## AIM OF THE EXERCISE
Would you please set down the data again exactly as given, excluding the pictures?

## INFORMATION PROVIDED
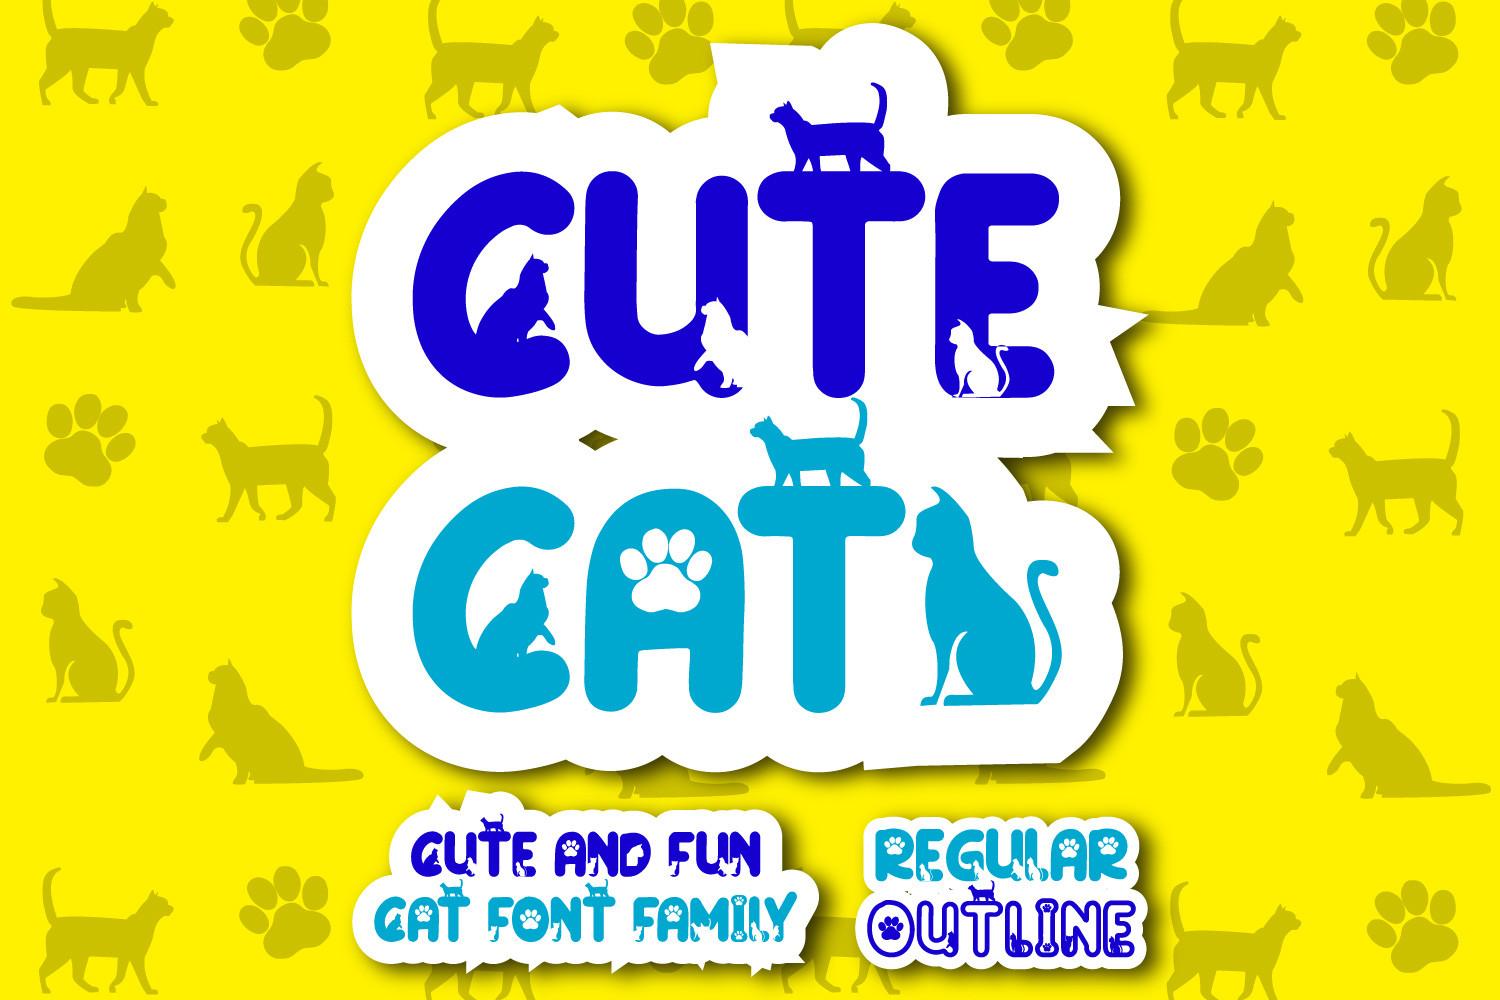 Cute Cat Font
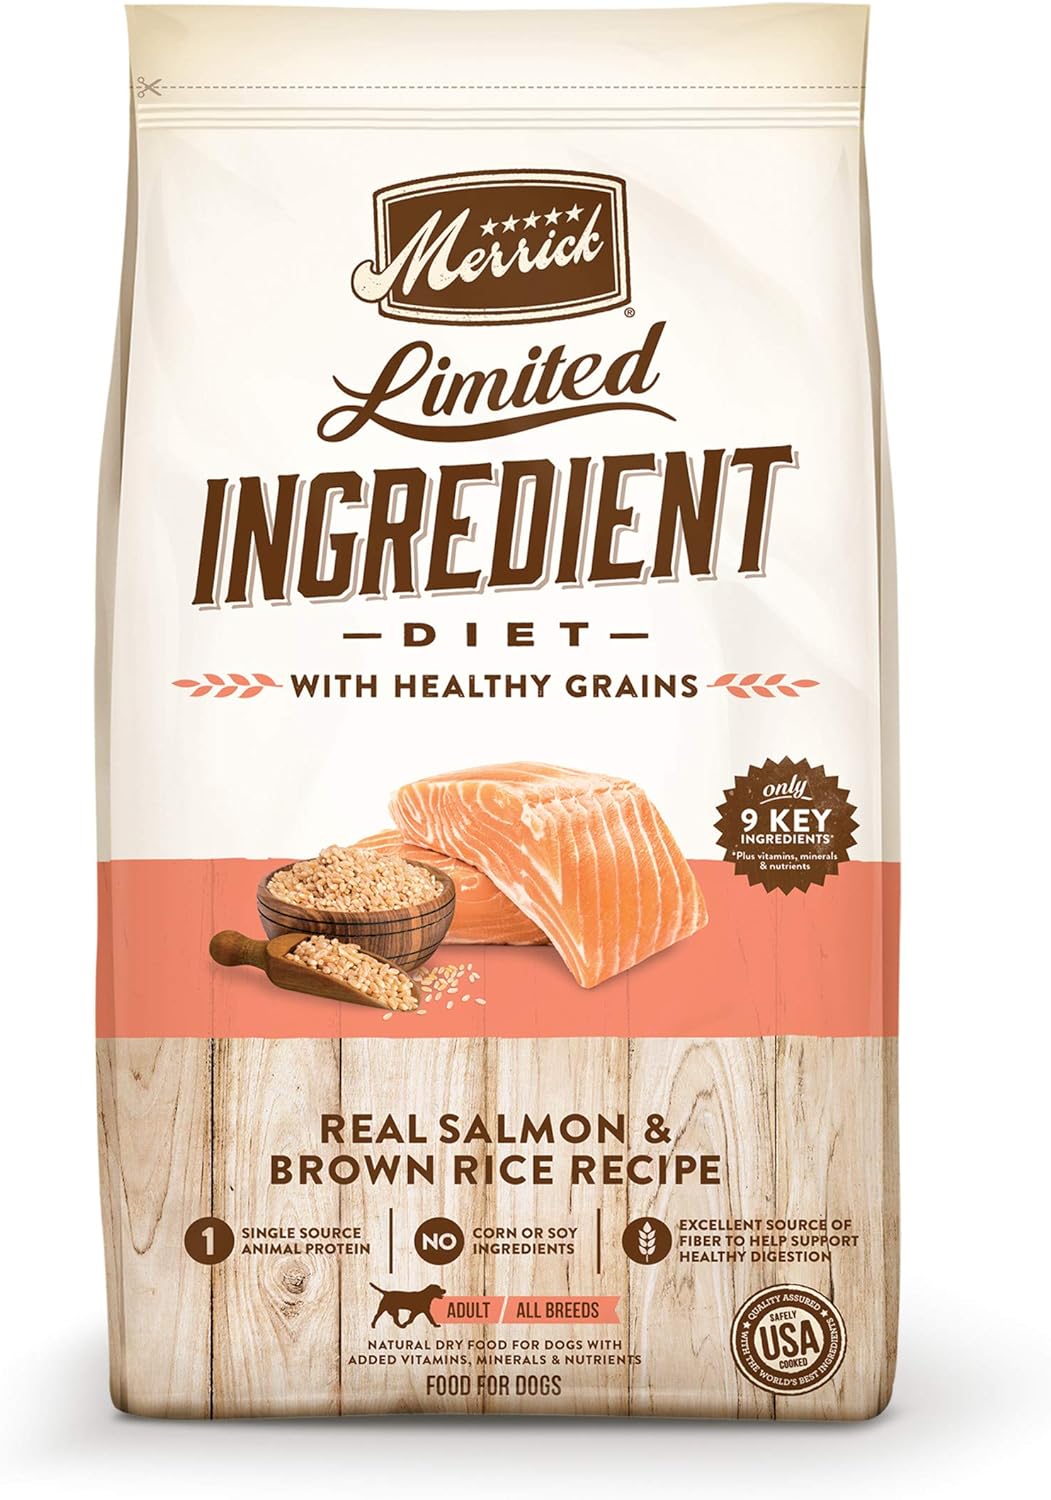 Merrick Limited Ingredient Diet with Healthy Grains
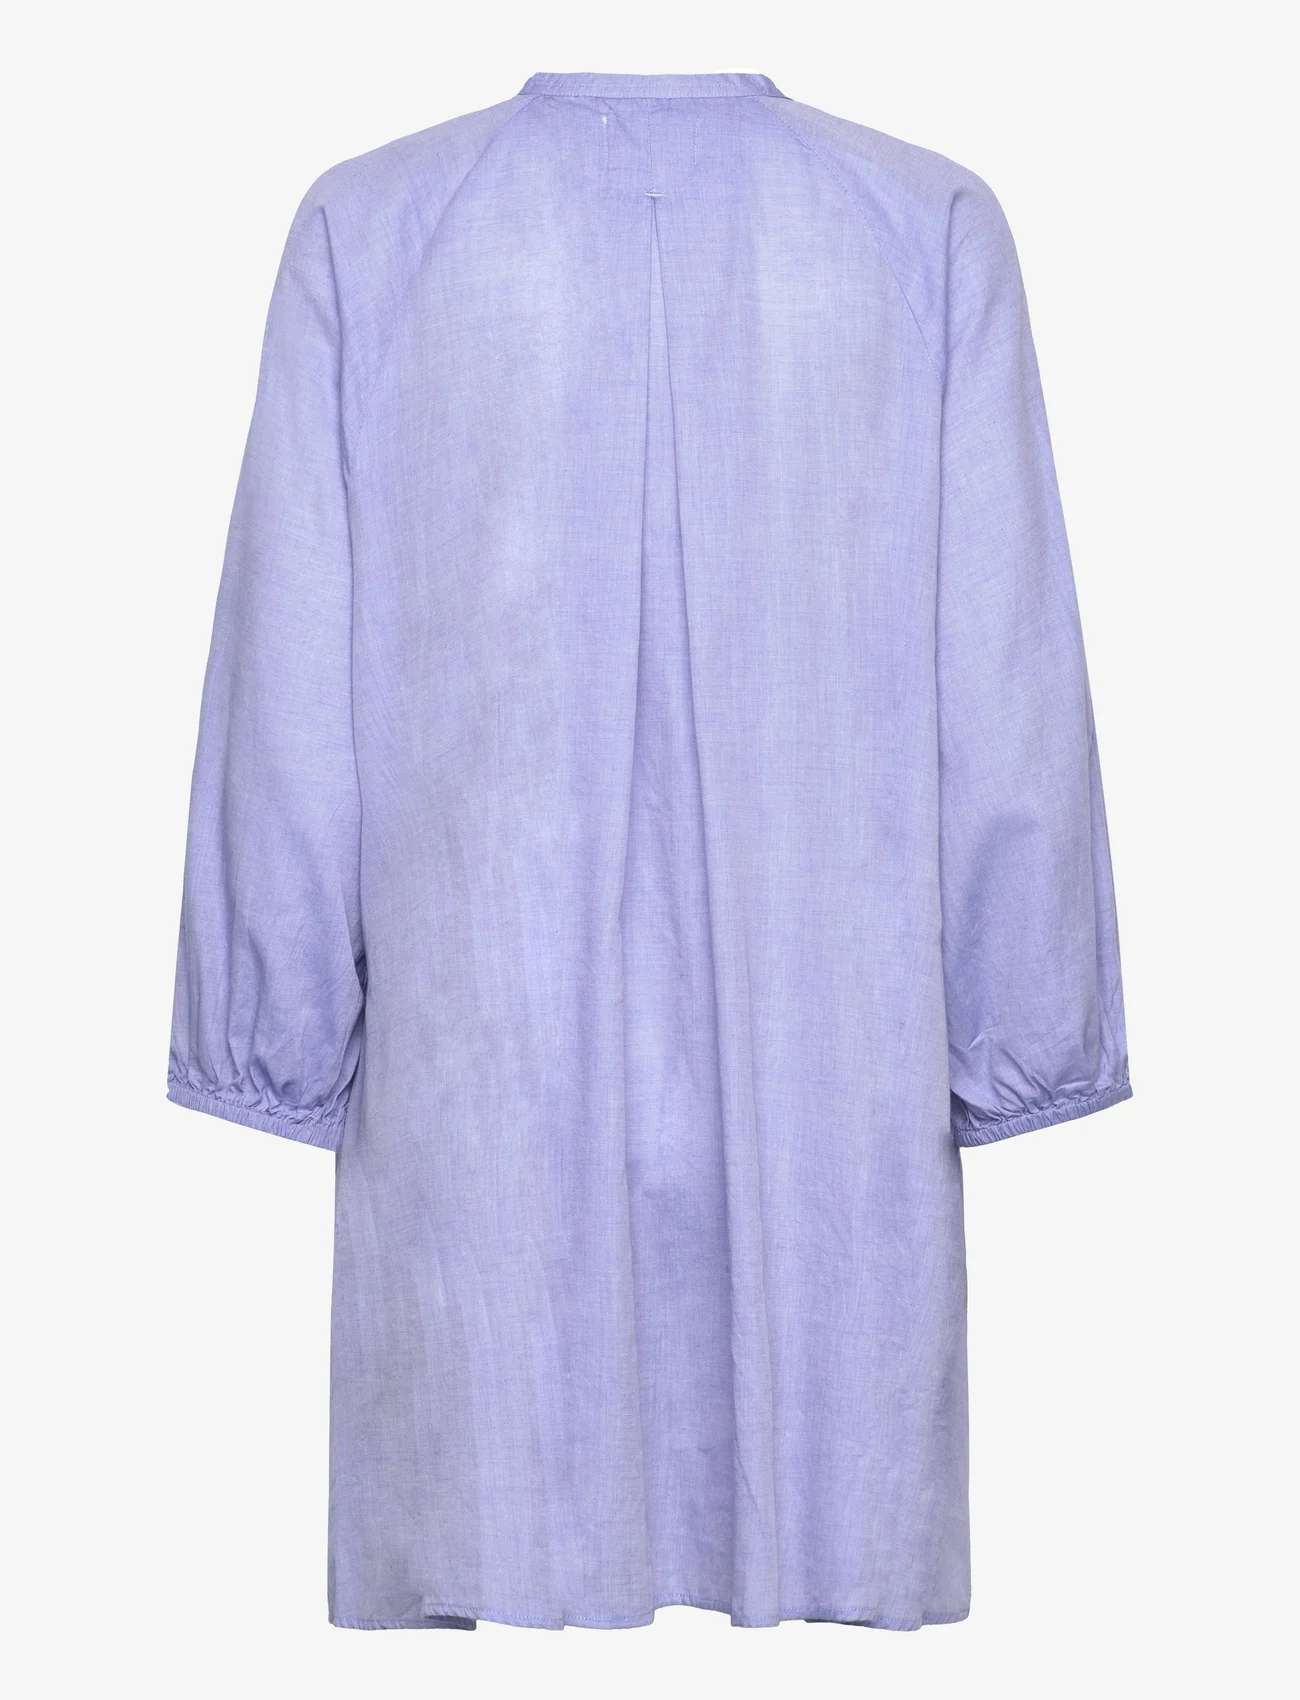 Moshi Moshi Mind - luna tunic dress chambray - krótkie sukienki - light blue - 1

## ANSWER TO THE PROBLEM
 Cute Cat Font
 Merrick Limited Ingredient Diet with Healthy Grains
 Moshi Moshi Mind - luna tunic dress chambray - krótkie sukienki - light blue - 1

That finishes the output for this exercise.